I waited, and waited, and waited some more for this book to get better. I tried. I wanted to give it another chance, which I did. I did not not finish it. I persisted. I read. I read more. I braved through it. I finished the book and out come a big sigh of relief.

Again, Red Dog was hugely atmospheric, but the book somehow went nowhere. I do not say this because Anker was criticised for this novel, as some reviewers think it has similarities to McCarthy’s writing. I say this because I honestly thought that the bloody fictional biography of Buys, a real figure from 18th century South Africa, was just not something that I would read otherwise.
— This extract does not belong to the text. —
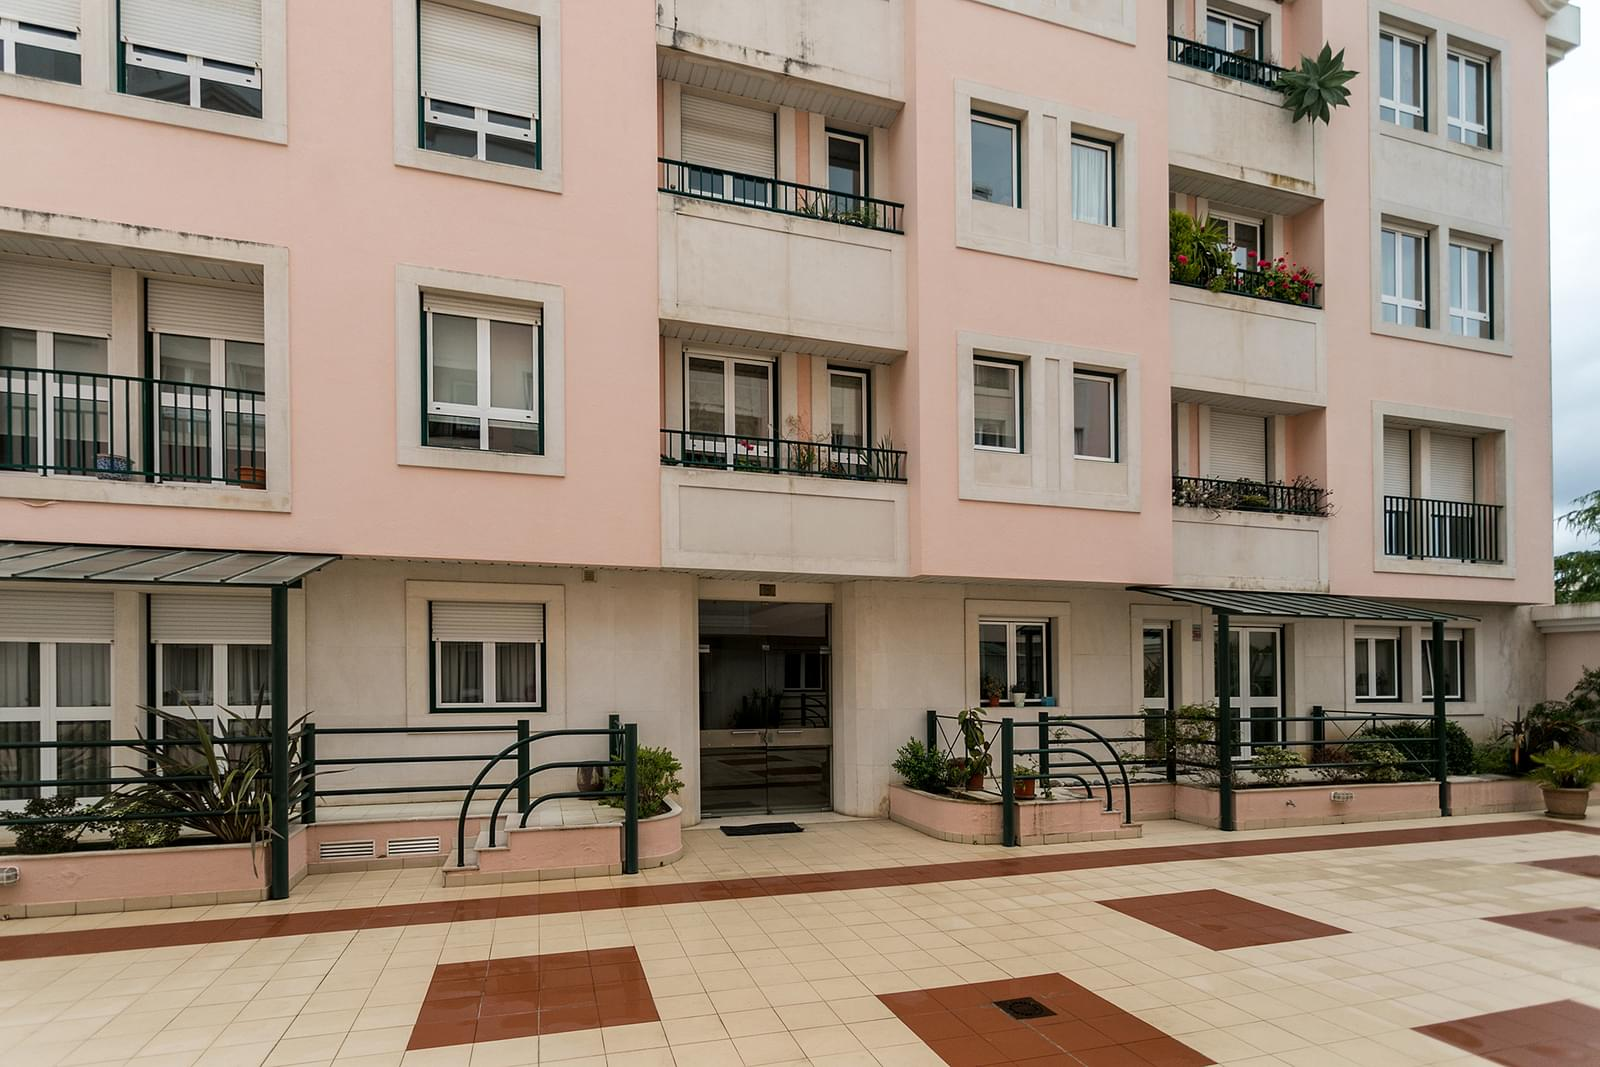 pf17352-apartamento-t3-lisboa-6d86bce2-d367-499b-ad4b-34dd16f0fc0f
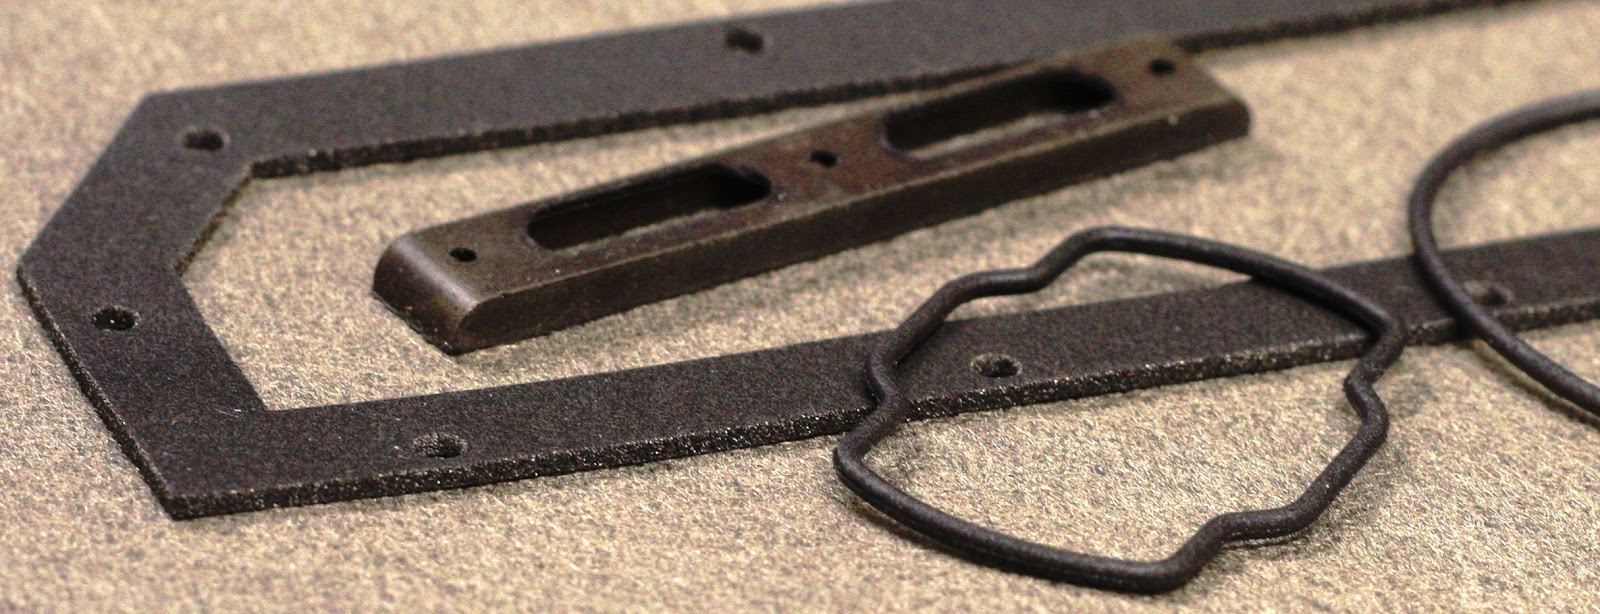 William stockwell resume stockwell elastomerics

The book is told from the perspective of Buys, that gets plain exhausting after a while. Yes, the South African landscape helps to distract, and those descriptions are near-perfect, so that helps. There was something missing as I was plodding through this book. I love historical fiction. I love books that say it as it is – the violence, the colonial rule, the brutality, and vividly imagined daily life. Somehow though the book turned out to be hyper-masculine for my taste.

Red Dog is not everyone’s cup of tea, maybe just like Cormac McCarthy’s books aren’t. The translation also this time didn’t do it for me. It seemed patchy in most places, and did not seem to provide context in others. What could’ve been a masterpiece in so many ways (and probably is for most readers), fell flat on its face for me, the average reader.